# Buying snowjoe



## rcleone (Dec 7, 2015)

Thinking of buying a SnowJoe SJ625E for the small storms. Have a Ariens Platinum 24 for the big ones. Does anybody own a SJ625, and does it does good job?


----------



## micah68kj (Oct 8, 2011)

Not sure which model snojoe my neighbor has but he used it one time and said that was enough. IMHO you'd be better off getting a Toro ss.


----------



## tabora (Mar 1, 2017)

rcleone said:


> Thinking of buying a SnowJoe SJ625E for the small storms. Have a Ariens Platinum 24 for the big ones. Does anybody own a SJ625, and does it does good job?

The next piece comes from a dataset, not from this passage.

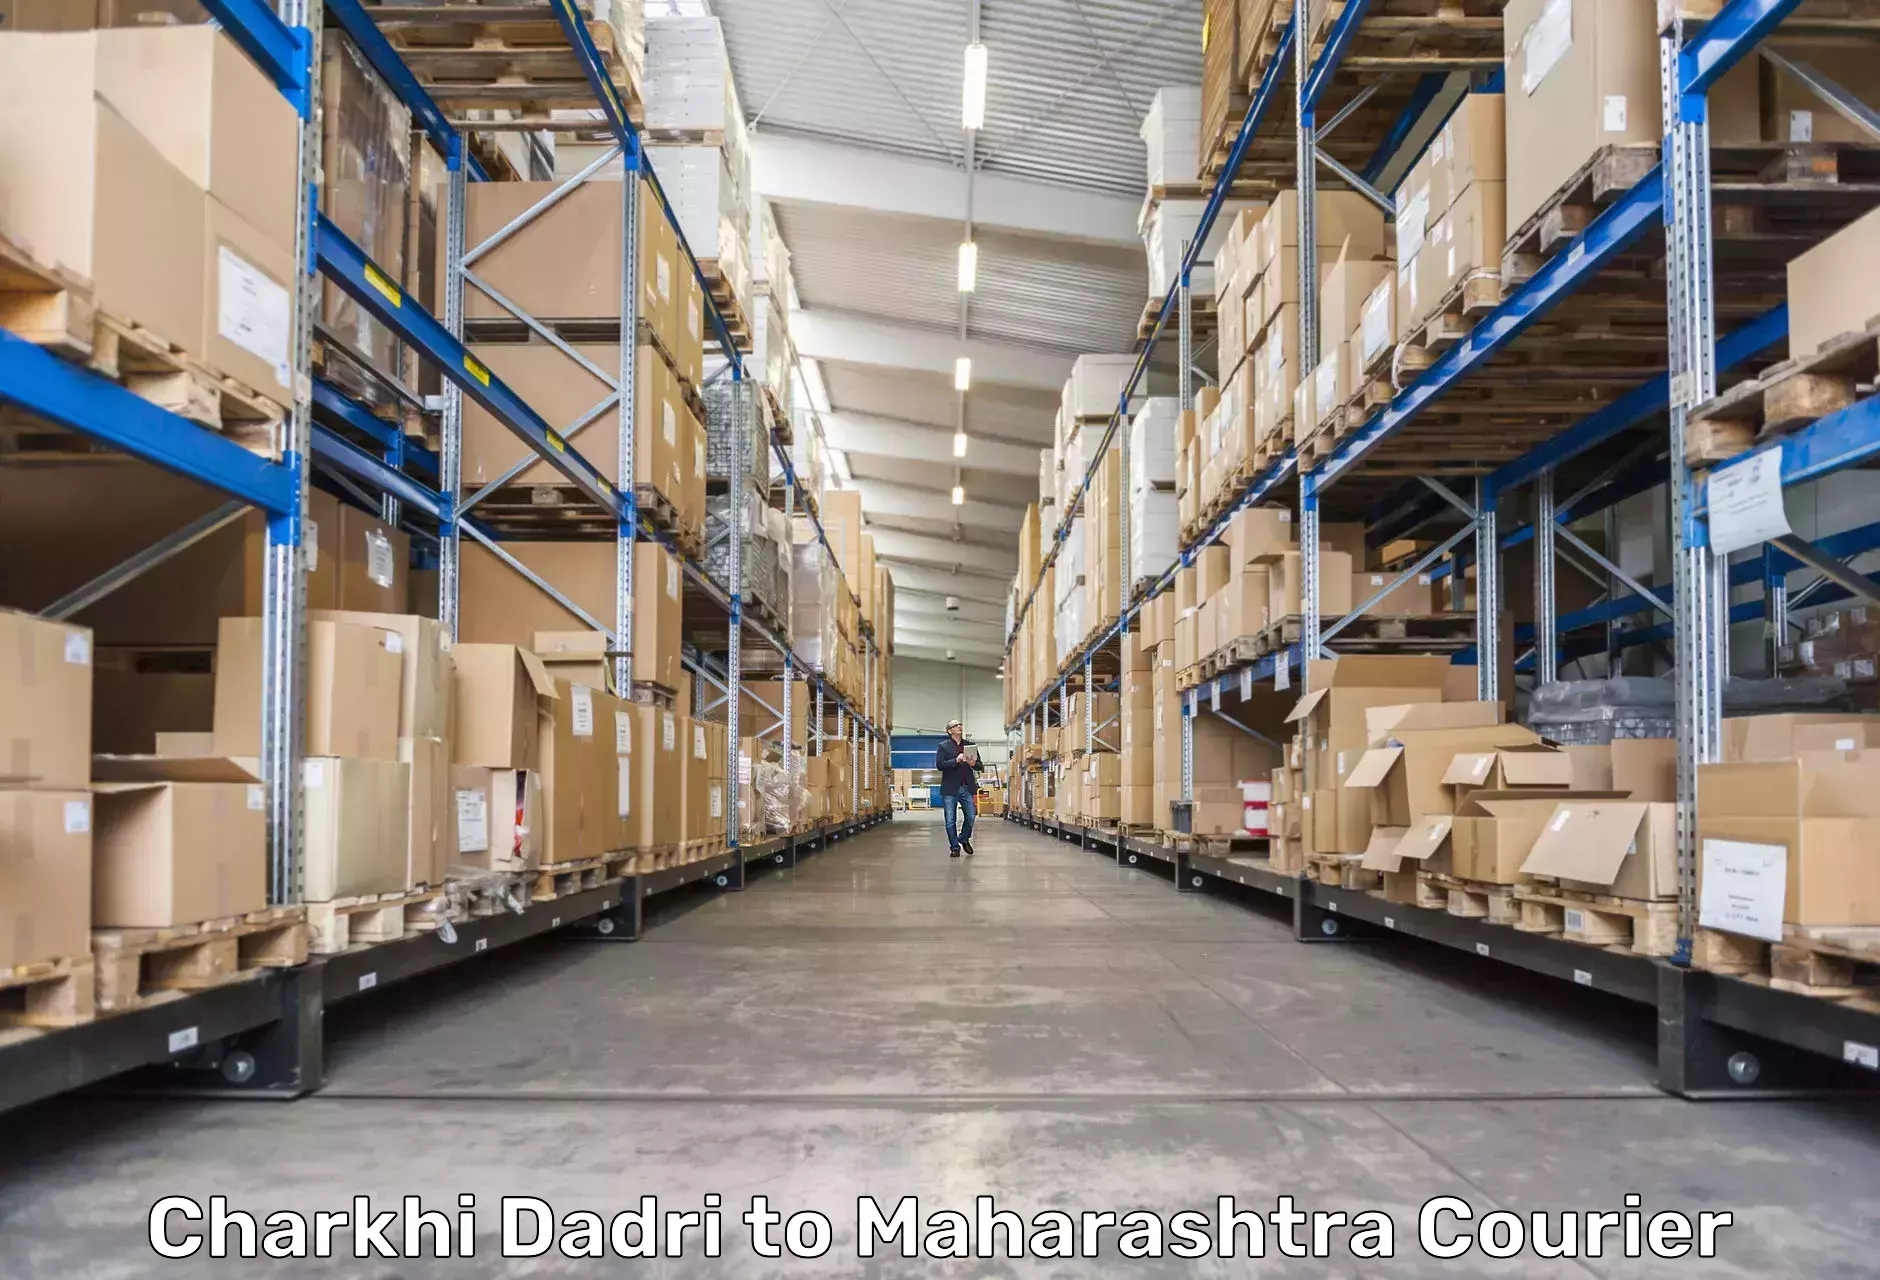 Global shipping networks Charkhi Dadri to Kavathe Mahankal

I have a smaller corded SnowJoe, the SJ615E. It works very well for clearing my 12'x18' deck (see picture here: https://www.snowblowerforum.com/forum/snowjoe-snowblowers/112545-new-sj615e.html), and I have used it for a few inches of snow on my entire 3-car-wide drive, but that is pushing it... Had to blow some of the snow in the center 3 times to get it to the lawn.


----------



## gibbs296 (Jun 22, 2014)

I have a Toro power Shovel that i use from time to time and have had a couple of Toro's older corded electric snow throwers. They are certainly way better than a shovel, but I've grown very fond of the Powerlite's and Toro's other single stage gas machines. They are pretty much all I use.


----------